Doğu’da, hem erkekler hem de kadınlar bilezik takarlardı; Roma’da ise bilezik, askeri ödül olarak veriliyordu. Buna karşılık, Yunanistan’da yalnızca kadınların bileklerine, kollarına, ayak bileklerine hatta bacaklarına taktıkları bir süs eşyasıydı.
Roma ve Yunanistan’da bilezikler kapalıydı; kuzey ülkelerinde ise, tersine, dövme metal çubuklardan açık ve çoğunlukla helezon biçiminde yapılıyordu. Kimi dönemlerde bileziğin kadınların süs eşyası olma özelliğini yitirdiği görülür; nitekim Ortaçağ’da ve XVII. yy.’da moda olan manşetleri dantelli ve bol kollu giysiler yüzünden bilezik kullanımına gerek kalmamıştı. Bilezik gerçek gelişimini XVI. yy. ortalarında gösterdi: altın halkalar ya da zincir bilezikler giysi üzerine takılmaya başlandı. XVIII. yy.’da, kısa kollu giysiler moda olmasına rağmen, kadınlar yalnızca, bir dizi inciden yapılmış bilezik ya da madalyonlu siyah kaytan takıyordu. Basit altın halkalar XVIII. yy.’ın sonlarına doğru yeniden ortaya çıktı ve çift halka biçiminde takılmaya başlandı.

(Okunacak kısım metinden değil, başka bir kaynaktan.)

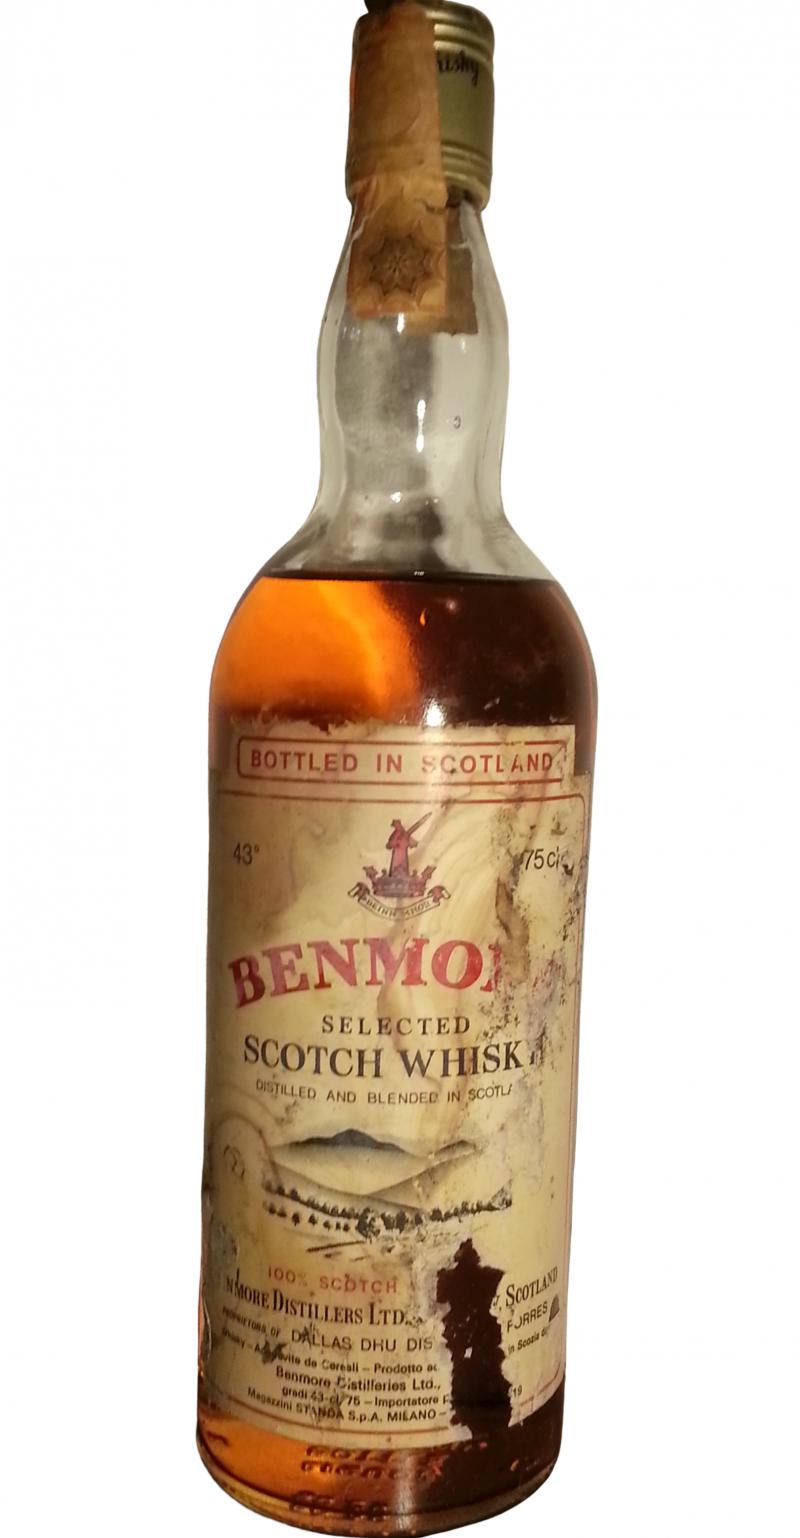 Benmore Selected Scotch Whisky Magazzini Standa S.p.A. Milano 43% 750ml

Anadolu’da bileziğin, tarihöncesi dönemlerden beri kullanıldığı, çeşitli arkeolojik buluntulardan anlaşılmaktadır. İ.Ö. III. binyılın ikinci yarısında, Anadolu’da çok zengin bir takı varlığı olduğu bilinmektedir. Truva, Eskiyapar hazineleriyle Alaca mezarlarından çıkan buluntular arasında, çeşitli maden işleme teknikleriyle yapılmış altın ve gümüş bilezikler de vardır. İ.Ö. I. binyılın ilk yarısında kullanılan takılar arasında hayvan başlı, spiral bilezik ve halhallar dikkati çekmektedir. Patnos buluntuları, Urartu takılarının en eski örnekleridir. Bunlar arasında bulunan gümüş başlı bilezik, Urartu döneminde, maden işlemedeki ustalığı yansıtmaktadır. İ.Ö. I. binyıla tarihlenen yarım ay biçimli bilezik ve küpeler de Phrygia kuyumculuğunun başarılı örnekleridir.
İ.Ö. IV. yy.’da B. Trakya altın madenlerinin işletilmesi ve Pers hazinelerinin ele geçmesiyle, takılarda da bol miktarda altın kullanılmıştır. Bu döneme ait Herakles düğümlü altın bilezikler ünlüdür. Roma imparatorluk döneminde ise daha ucuz olan tunç bileziklerin ve cam vb. madenlerden yapılmış olanların yaygın olarak kullanıldığı bilinmektedir. Bizans dönemi takılarında altın kullanımı azalmış, renkli taşlar ve incilerle bezenmiş madeni bilezikler yaygınlaşmıştır.
Osmanlılar döneminde altın ya da gümüşten yapılmış telkâri ya da savatlı bilezikler takılıyordu. Saray çevresinde kullanılan çok değerli bileziklerden bir bölümü, Topkapı sarayı Müzesi’nde sergilenmektedir. Günümüzde de bazı yerlerde yapımı sürdürülen Trabzon hasırı, Kayseri burması, Halep işi bilezikler ünlüydü.
Anadolu’da, özellikle geleneksel yaşam sürdüren kesimlerde, kadının bir tür güvencesi sayılan altın bilezik, günümüzde de evlenmeler sırasında kız tarafının istediği ağırlıkların başında gelmektedir.